- The task: When the line containing "Dampf entsteht aus" is found in the data below, copy it and each line after it through the line containing "Retour sur les", exactly and with no others.

- Provided entries:
--------------------

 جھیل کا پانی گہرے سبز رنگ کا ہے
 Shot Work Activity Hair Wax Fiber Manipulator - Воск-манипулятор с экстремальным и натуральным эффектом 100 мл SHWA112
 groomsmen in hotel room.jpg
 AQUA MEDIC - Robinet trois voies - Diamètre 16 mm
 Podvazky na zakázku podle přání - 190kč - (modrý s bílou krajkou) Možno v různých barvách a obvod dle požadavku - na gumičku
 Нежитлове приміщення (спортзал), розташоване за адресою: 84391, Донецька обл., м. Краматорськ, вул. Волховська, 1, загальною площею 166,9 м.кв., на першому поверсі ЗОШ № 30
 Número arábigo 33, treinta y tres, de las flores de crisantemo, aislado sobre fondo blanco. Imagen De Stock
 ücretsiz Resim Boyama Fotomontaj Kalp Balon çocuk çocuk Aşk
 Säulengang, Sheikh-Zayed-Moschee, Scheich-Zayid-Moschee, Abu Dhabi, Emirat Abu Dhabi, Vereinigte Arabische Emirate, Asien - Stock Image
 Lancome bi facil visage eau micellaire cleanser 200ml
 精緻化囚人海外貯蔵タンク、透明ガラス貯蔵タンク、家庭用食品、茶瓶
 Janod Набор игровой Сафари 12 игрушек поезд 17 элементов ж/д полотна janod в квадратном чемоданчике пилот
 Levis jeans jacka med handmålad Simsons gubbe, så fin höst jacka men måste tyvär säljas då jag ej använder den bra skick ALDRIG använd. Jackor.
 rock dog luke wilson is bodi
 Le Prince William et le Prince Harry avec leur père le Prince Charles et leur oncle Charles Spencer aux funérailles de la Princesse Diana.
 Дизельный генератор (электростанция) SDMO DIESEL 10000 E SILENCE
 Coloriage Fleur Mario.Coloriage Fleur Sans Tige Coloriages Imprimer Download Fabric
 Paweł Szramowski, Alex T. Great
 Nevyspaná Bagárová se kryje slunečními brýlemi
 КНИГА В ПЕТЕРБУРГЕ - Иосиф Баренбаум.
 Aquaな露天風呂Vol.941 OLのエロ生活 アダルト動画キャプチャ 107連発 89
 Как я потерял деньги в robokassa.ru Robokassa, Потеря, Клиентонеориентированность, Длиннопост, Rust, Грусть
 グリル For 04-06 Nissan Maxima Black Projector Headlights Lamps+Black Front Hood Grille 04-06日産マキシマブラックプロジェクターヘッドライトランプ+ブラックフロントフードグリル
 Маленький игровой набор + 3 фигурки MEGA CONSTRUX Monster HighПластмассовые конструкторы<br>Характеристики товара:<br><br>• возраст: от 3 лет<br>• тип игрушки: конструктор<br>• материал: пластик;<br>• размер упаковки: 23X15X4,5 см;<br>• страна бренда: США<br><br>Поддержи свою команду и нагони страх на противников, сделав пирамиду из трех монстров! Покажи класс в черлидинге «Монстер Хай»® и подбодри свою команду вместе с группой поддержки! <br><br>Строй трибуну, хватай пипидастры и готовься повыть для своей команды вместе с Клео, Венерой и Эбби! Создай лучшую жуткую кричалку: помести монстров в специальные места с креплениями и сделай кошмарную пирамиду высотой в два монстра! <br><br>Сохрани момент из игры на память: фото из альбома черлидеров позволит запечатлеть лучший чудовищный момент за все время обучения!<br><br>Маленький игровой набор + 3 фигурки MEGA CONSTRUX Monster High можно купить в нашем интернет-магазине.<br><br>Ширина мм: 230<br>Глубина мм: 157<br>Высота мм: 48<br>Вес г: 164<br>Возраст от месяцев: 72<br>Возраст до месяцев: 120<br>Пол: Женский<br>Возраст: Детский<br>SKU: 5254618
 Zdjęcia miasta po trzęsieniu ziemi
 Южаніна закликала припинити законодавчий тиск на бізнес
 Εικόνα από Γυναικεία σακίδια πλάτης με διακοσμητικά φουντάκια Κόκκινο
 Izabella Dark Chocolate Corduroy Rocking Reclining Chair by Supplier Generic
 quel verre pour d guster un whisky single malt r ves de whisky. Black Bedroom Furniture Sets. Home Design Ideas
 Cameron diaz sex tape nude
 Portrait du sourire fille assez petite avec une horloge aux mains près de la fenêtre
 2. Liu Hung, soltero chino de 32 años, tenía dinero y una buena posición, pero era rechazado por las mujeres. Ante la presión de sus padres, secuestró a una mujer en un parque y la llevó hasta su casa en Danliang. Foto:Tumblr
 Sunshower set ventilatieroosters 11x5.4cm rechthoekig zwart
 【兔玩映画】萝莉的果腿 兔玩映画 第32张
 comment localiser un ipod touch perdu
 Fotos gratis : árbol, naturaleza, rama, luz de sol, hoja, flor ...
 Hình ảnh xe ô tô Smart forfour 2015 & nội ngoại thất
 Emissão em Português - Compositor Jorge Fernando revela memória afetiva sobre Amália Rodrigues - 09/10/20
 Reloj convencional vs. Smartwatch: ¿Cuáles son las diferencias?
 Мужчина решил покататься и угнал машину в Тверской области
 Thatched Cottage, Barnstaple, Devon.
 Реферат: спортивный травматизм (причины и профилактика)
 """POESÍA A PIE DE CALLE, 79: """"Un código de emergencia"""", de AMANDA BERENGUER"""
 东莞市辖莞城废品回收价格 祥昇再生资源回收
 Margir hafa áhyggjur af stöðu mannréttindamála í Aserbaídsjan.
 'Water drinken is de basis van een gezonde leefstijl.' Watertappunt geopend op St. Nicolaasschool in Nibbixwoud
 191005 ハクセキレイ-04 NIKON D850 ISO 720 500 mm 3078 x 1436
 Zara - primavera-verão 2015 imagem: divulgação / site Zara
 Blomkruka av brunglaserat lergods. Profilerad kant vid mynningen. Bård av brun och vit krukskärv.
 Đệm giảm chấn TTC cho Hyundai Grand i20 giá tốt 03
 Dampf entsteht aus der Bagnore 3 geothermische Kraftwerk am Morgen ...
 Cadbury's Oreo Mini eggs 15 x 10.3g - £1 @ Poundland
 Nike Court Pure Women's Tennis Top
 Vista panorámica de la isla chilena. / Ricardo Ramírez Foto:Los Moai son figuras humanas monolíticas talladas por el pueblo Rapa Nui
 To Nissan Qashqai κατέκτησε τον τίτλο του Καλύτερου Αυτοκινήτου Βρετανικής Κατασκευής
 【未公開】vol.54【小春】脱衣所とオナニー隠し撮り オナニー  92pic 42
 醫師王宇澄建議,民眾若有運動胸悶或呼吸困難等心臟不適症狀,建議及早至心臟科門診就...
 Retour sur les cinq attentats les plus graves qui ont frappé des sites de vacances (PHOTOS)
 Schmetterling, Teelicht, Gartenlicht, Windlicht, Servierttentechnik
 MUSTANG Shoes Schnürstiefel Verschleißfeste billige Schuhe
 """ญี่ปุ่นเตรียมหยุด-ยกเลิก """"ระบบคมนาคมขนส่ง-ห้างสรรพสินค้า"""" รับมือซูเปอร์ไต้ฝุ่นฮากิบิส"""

--------------------

- Solution to this task:
 Dampf entsteht aus der Bagnore 3 geothermische Kraftwerk am Morgen ...
 Cadbury's Oreo Mini eggs 15 x 10.3g - £1 @ Poundland
 Nike Court Pure Women's Tennis Top
 Vista panorámica de la isla chilena. / Ricardo Ramírez Foto:Los Moai son figuras humanas monolíticas talladas por el pueblo Rapa Nui
 To Nissan Qashqai κατέκτησε τον τίτλο του Καλύτερου Αυτοκινήτου Βρετανικής Κατασκευής
 【未公開】vol.54【小春】脱衣所とオナニー隠し撮り オナニー  92pic 42
 醫師王宇澄建議,民眾若有運動胸悶或呼吸困難等心臟不適症狀,建議及早至心臟科門診就...
 Retour sur les cinq attentats les plus graves qui ont frappé des sites de vacances (PHOTOS)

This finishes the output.